There's a game changer coming to franchising, and the lending community is to thank for it. While it's hard to thank banks for the financial mess they created a few years back, capitalism is built on creative destruction, and what was destroyed within the banking industry is how they evaluated credit. They got it wrong, some banks failed, many businesses and people suffered, and banks now are starting to enter a new period where the old rules are being seriously revised.

As surprising as it may seem, this is a good thing for franchising and will be for years to come (until banks get carried away again and the cycle repeats). Here's how franchising is beginning to win the competition for credit.

We're now in the second phase of a small business credit recovery following the financial meltdown of 2008. The first phase began in 2009 and lasted until 2011. From the lending community's perspective, that period is best described as the "Don't Lose Money" phase. The easiest way not to lose money if you are a bank is not to lend it. A more technical description is that banks between 2008 and 2010 could not properly value their asset portfolios because of market uncertainty. Therefore, they and their regulators could not determine whether the banks had adequate capital reserves. If banks were unsure of capital reserve needs, they certainly weren't going to expand portfolios.

The second phase started a multi-year transition away from "Don't Lose Money" to a focus on earnings as portfolios get cleaned up and capital reserve levels become clearer. There's no immediate rush to make money, but the most significant way banks make money is to put loans on the books. Most banks are flush with cash and have the same miserable returns on short-term investments that we all have.

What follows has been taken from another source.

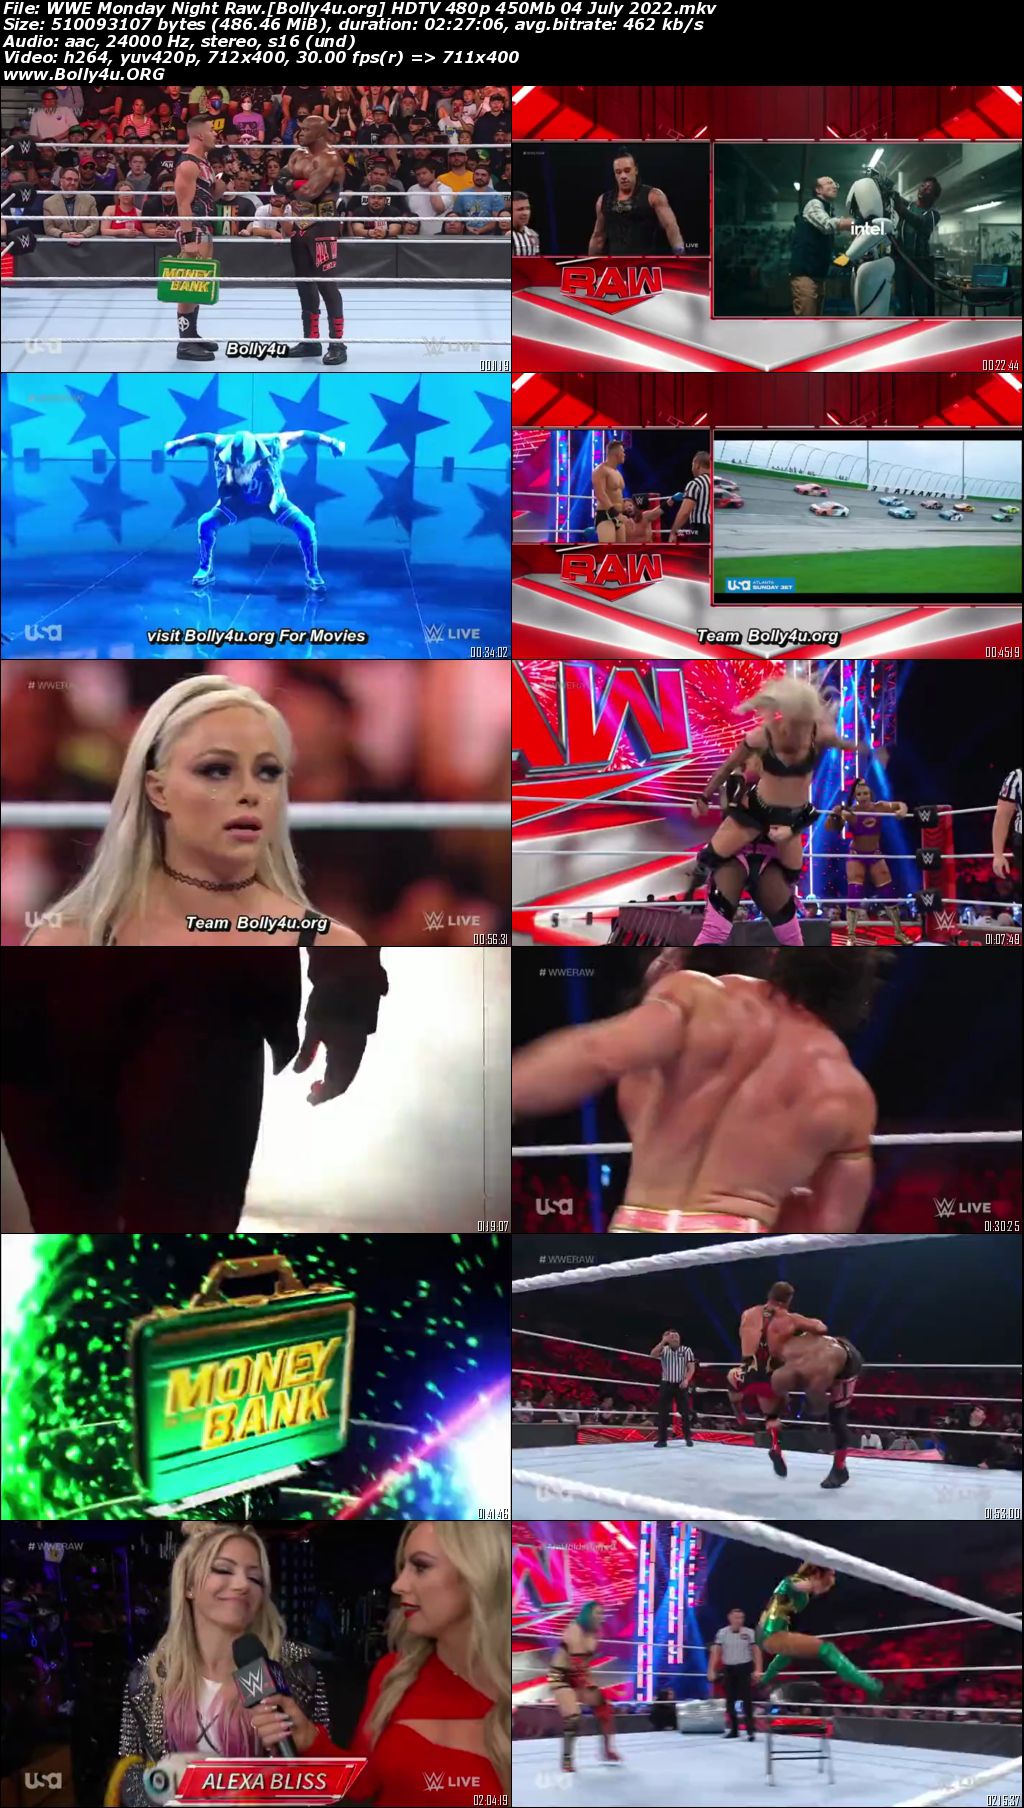 WWE Monday Night Raw HDTV 480p 450Mb 04 July 2022 Download

In 2012, we all have been seeing a return to lending, but only to the lowest-risk borrowers. So far, pricing for different levels of risk isn't happening. Higher-risk loans just aren't being made at any price. When we see evidence of interest rate differentiation and term structures for different levels of small-business loan risk, we'll be moving into the third and final phase of lending recovery. That's another few years down the road.

What does all this have to do with how franchising is gaining a competitive advantage in the competition for credit? A lot. Here's why. Business lending is all about assessing risks related to the borrowing company's future performance, the management team responsible for making the business work, and the industry dynamics where the company is operating. The better the information about each of these risk categories, the more comfortable a lender becomes about answering a simple question in credit committee: "What's the probability we'll get our money back on the terms we're considering?"

Here's where franchising is going to become a sustainable, distinct asset class for the first time in the history of small-business lending. A lender considering a loan request from an independent business can assess risk only four ways: that company's business history; some general industry statistics (which is why SBA data, despite often being very inaccurate is often used); the bank's own portfolio experience (assuming they have any with a particular industry or brand); and a gut feeling for the people signing on the loan application. In this second, current phase of lending recovery, the lack of confidence in these risk assessments leads to a lot of the conservative lending we are all experiencing. Yet franchising has something huge to add: performance history.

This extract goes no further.